CEO of Fortnite game maker casts Google as a ‘crooked’ bully in testimony during Android app trial

SAN FRANCISCO– Epic Games CEO Tim Sweeney on Monday portrayed Google as a ruthless bully who resorts to shady tactics to protect a predatory payment system.

His portrayal was reflected in an antitrust lawsuit focused on Epic Games’ attempt to upend Google’s store for Android phone apps.

Sweeney’s more than two-hour stay on the witness stand in San Francisco came less than a week after Google CEO Sundar Pichai defended before a 10-person jury the way his company manages the Play Store for Android apps. It is one of two antitrust cases against Google, whose $1.7 trillion technology empire is threatened by legal attacks seeking to break up the company.

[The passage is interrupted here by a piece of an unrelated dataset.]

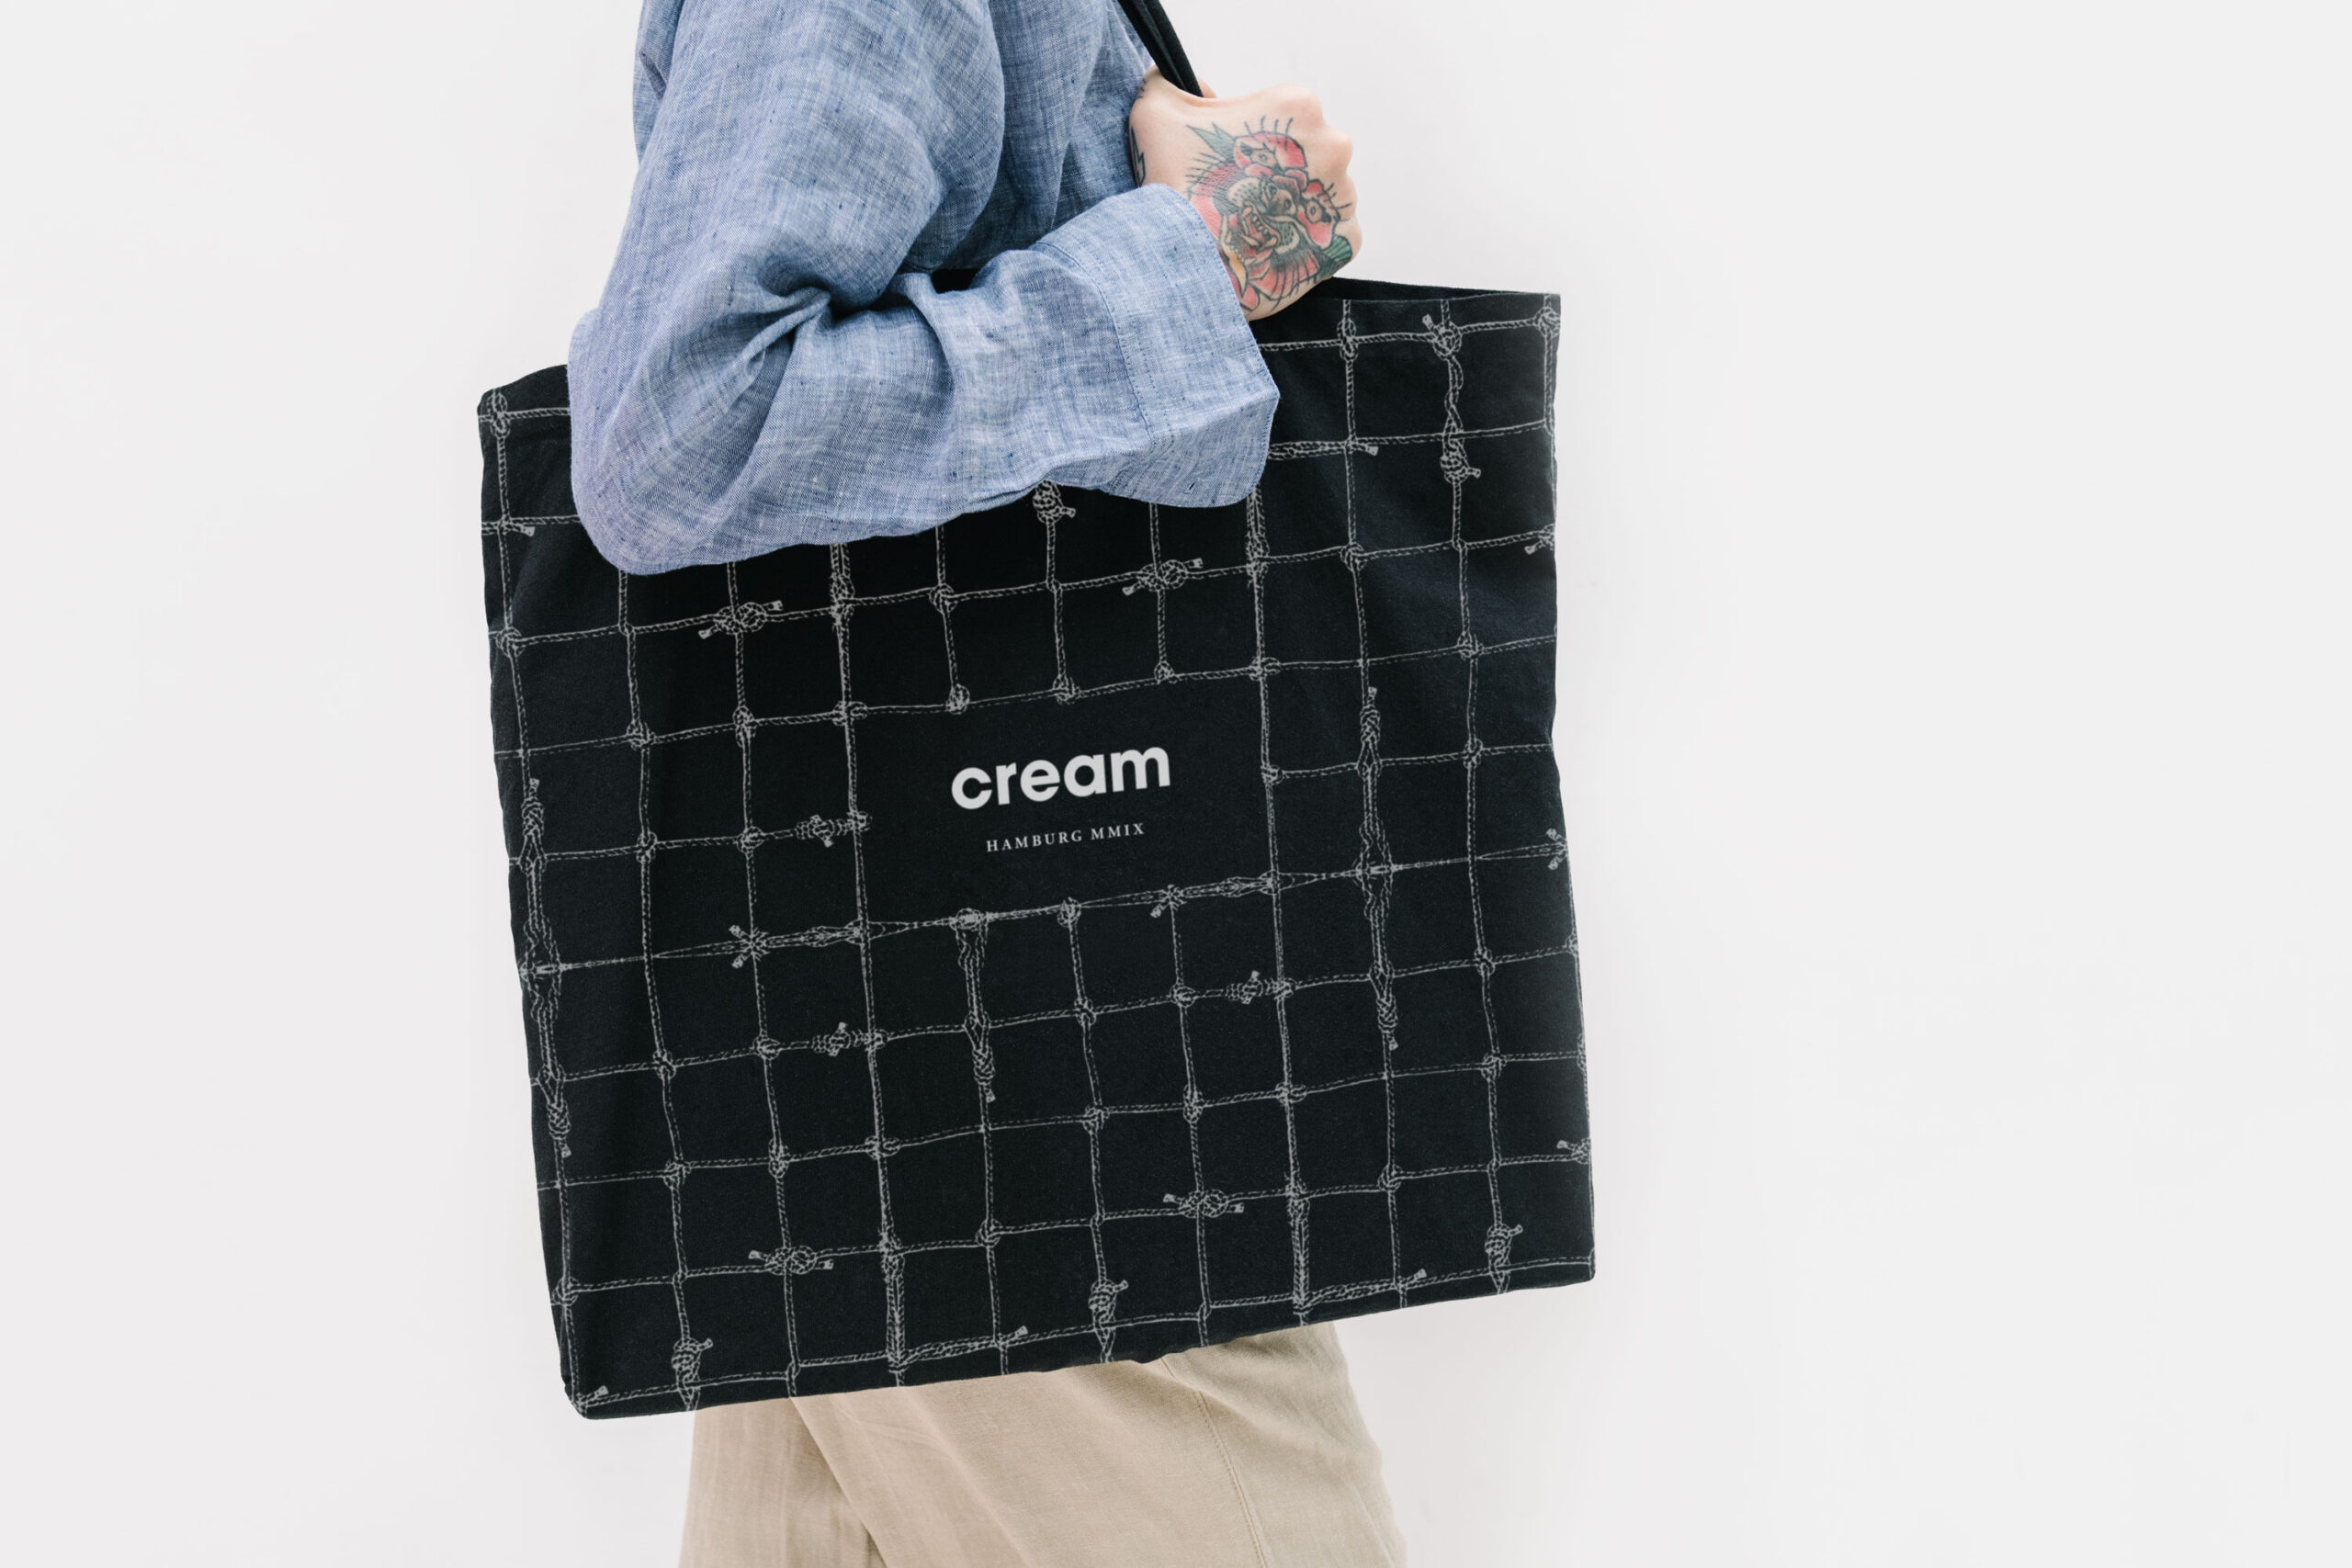 cream_tote_bag

Testimony in the app case for Android phones is expected to be completed before Christmas.

The other case, targeting Google’s dominant search engine, ended last week but won’t be decided by a federal judge in Washington DC until next year.

While Sweeney tried to portray Google as a greedy monopolist questioned by his own lawyer, Google lawyer Jonathan Kravis tried to flip the script. Much of Kravis’ cross-examination seemed designed to portray Sweeney as an executive primarily interested in circumventing a long-standing commission system to boost his video game company’s profits.

Epic, the maker of the popular Fortnite game, claims that Google engages in illegal price gouging by collecting commissions ranging from 15% to 30% on in-app digital transactions. It’s similar to a payment system that Epic unsuccessfully challenged in a parallel lawsuit against Apple’s iPhone app store. Epic will appeal the outcome of the Apple trial to the US Supreme Court.

Unlike Apple’s iPhone app store, Google already allows competition with the Play Store – something Epic tried to do when it decided to roll out Fortnite for Android phones on its own website instead of the Play Store in 2018.

In his testimony on Monday, Sweeney recalled how Google called him to its headquarters in Mountain View, California to try to convince Epic to release Fortnite on the Play Store instead. Sweeney said Google tried to entice him with a wide range of financial incentives, but he refused.

“It seemed like a crooked arrangement,” Sweeney told the jury. “Google proposed a series of side deals that seemed designed to convince Epic not to compete with them.”

Sweeney’s action came after Epic’s lawyers previously showed Google documents showing that Google had offered video game maker Activision Blizzard a $360 million package to drop a preliminary plan to compete with the Play Store.

Google’s lawyers presented other documents showing that the deal would give Activision more than $315 million in benefits.

After rebuffing Google’s overtures, Epic attempted to distribute Fortnite for Android through its own website. But Sweeney testified that effort quickly became “a depressing process” as far fewer gamers downloaded Fortnite for Android phones than expected. He attributed the disappointing response to Google’s machinations, making it a cumbersome process outside the Play Store and using pop-up “scare screens” that warn of potential problems with the software.

“We realized that Google was a tough opponent and could hinder us,” Sweeney said.

Epic finally released Fortnite on the Play Store in 2020, while devising a secret plan to ultimately bypass the commission system by surreptitiously introducing an alternative payment option as part of what Sweeney called “Project Liberty.”

The alternative payment option was released in August 2020 in revised Fortnite apps for both the Play Store and the iPhone app store, prompting both Apple and Google to block it within a few hours. Epic subsequently filed antitrust lawsuits as part of what Sweeney described as a crusade on behalf of all game makers as more gaming is done on smartphones instead of consoles and PCs.

“It’s an issue that I think is existential for all games, including Epic,” Sweeney said.

During his questioning of Sweeney, Google lawyer Kravis explained the 30% commission that Epic pays to Sony, Microsoft and Nintendo without complaint for transactions on the PlayStation, Xbox and Switch consoles, while still raking in billions of dollars in profits on those platforms.

In response to a judge’s question, Sweeney revealed that video game consoles and personal computers generated more than 90% of Epic’s revenue from in-app purchases during the period in 2020, when Fortnite was also in the iPhone app store and the Play Store . .

Sweeney didn’t say why Epic hasn’t objected to the 30% commission on gaming devices other than smartphones, but he left no doubt about his goal in this trial.

“We want the jury to find that Google broke the law so that the court can force Google to stop these practices,” Sweeney said.